But this novel’s triumph is in its rich architecture, its surprising splicing of genre and quotation, its skillfully fractured chronology, and the deft juxtaposition of alternating story lines. The result of this combinatorial panache is to create an arena of systemic implication, in which the sum is greater than the parts. Nothing here is what you expect; in fact, some of this text is nearly indescribable in terms of genre and form. What do you call a piece of fiction that is a narrative transcription of a real movie that is itself a fiction? Answer: Don’t even try. It’s a logical wormhole. It will turn your brain inside-out like a sock.
I will elucidate: And Then is, like most novels, a story about a character. Let’s say a nondescript loser robs a mom and pop store in some out of the way town and gives the money to his girlfriend so she can escape the mean and derelict provincial life she is destined for. She heads to New York with the cash, finds an apartment share, and has a love affair with a photographer, but the police (somewhere) are after her, and she falls among bad companions under the sign of hard drugs, who love her for her money. When that stake runs out, so does her string, and she disappears, probably dead, floating in the river.
But Breckenridge, the symphonic composer, takes this narrative theme, his melody, and works magic upon it by adding a half-dozen further elements.
1) A second, parallel plot involving a young male student who, a dozen years later, agrees to cat sit for one of his professors away on sabbatical. In the apartment he discovers the photograph of a beautiful woman, his professor’s mysterious former lover and/or roommate, a woman who simply disappeared. The student obsesses on the woman in the photograph; he becomes a sleuth, collecting stray bits of information about her. He finally tracks down the photographer who took the picture. But no one knows what became of her.
These two plots, the young woman plot and the student plot, leapfrog each other in the text, fragmented and uncanny.
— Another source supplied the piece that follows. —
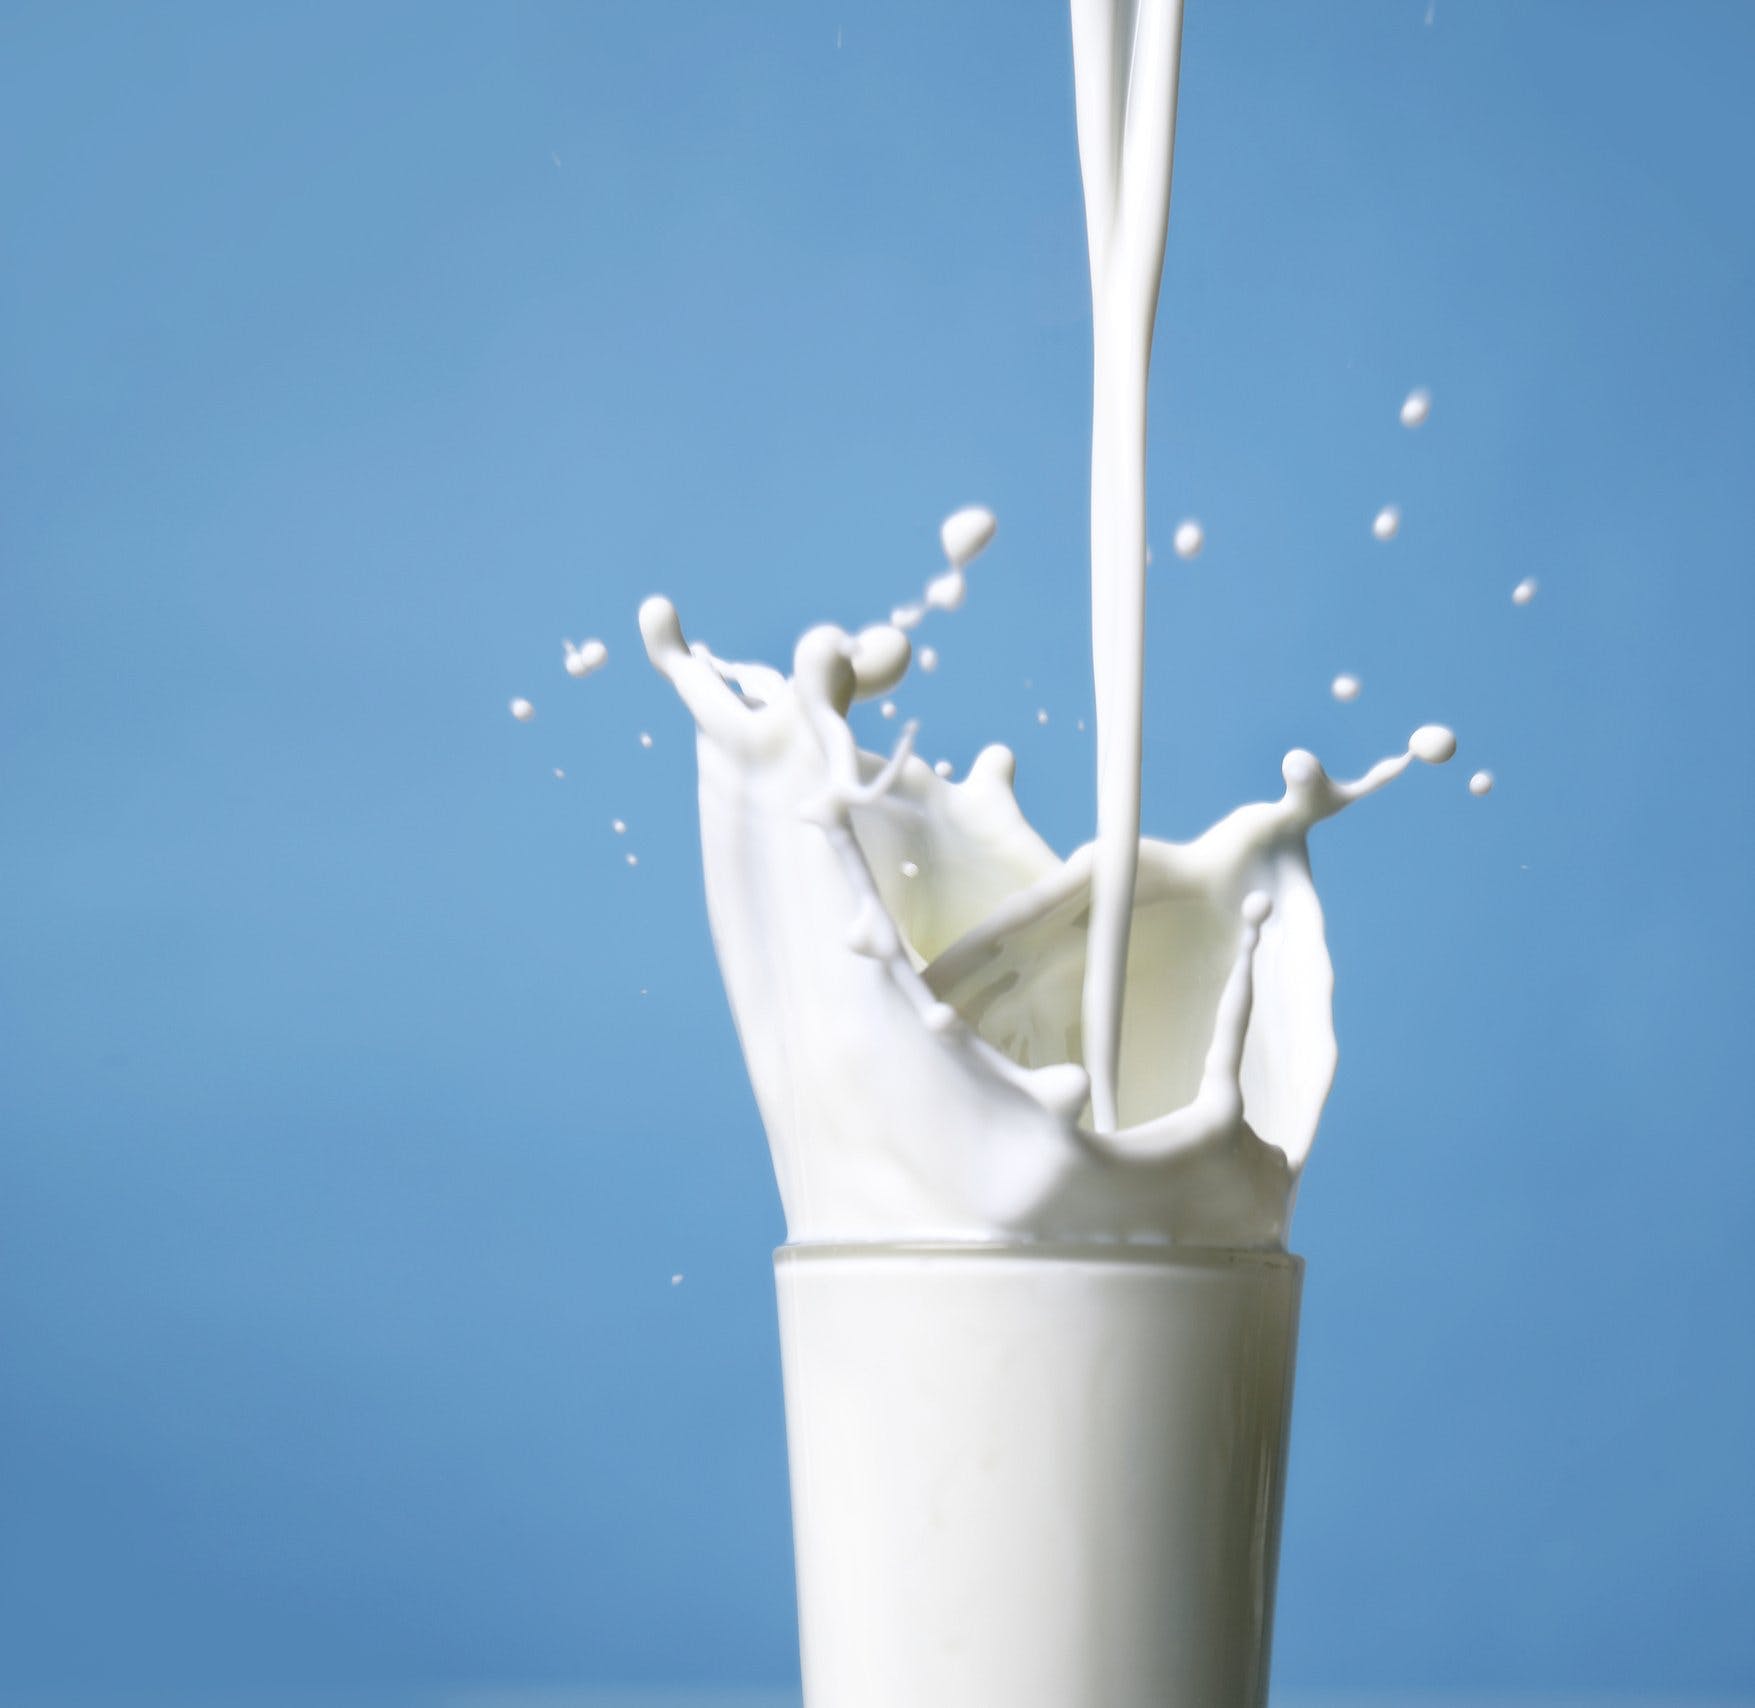 Det här är den hälsosammaste mjölken Image

At a certain point the young woman, apparently waking from a drug stupor (only she is dead), finds her way back to the apartment, ascending the stairs just as the young student is descending. At the climactic moment, he feels her ghost passing through him.
2) An epigraph from Ionesco’s Present Past Past Present, an important influence for Breckenridge who takes epigraphs for all his novels from this text. The passage presents a character unfree, chained down, but conscious that he has the key to freedom, which he hardly ever uses.
3) An overture, or introductory passage, that consists of a prose transcription/narrative summary of Jean Rouch’s film Gare du Nord (1995, one of six short films by leading New Wave directors under the title Paris Vu Par). The film splits into two parts. The first follows a young married couple quarreling over the dissolution of their relationship; they are fed up with each other, disappointed in their mistakes, tired of their lives. In the second half of the film, the wife meets a handsome, brooding fellow who offers transcendence, offers her the chance to run away to a life of adventure. But she’s too bourgeois, timid, and polite to take him up. His response is to climb the bars of a railway bridge and jump to his death.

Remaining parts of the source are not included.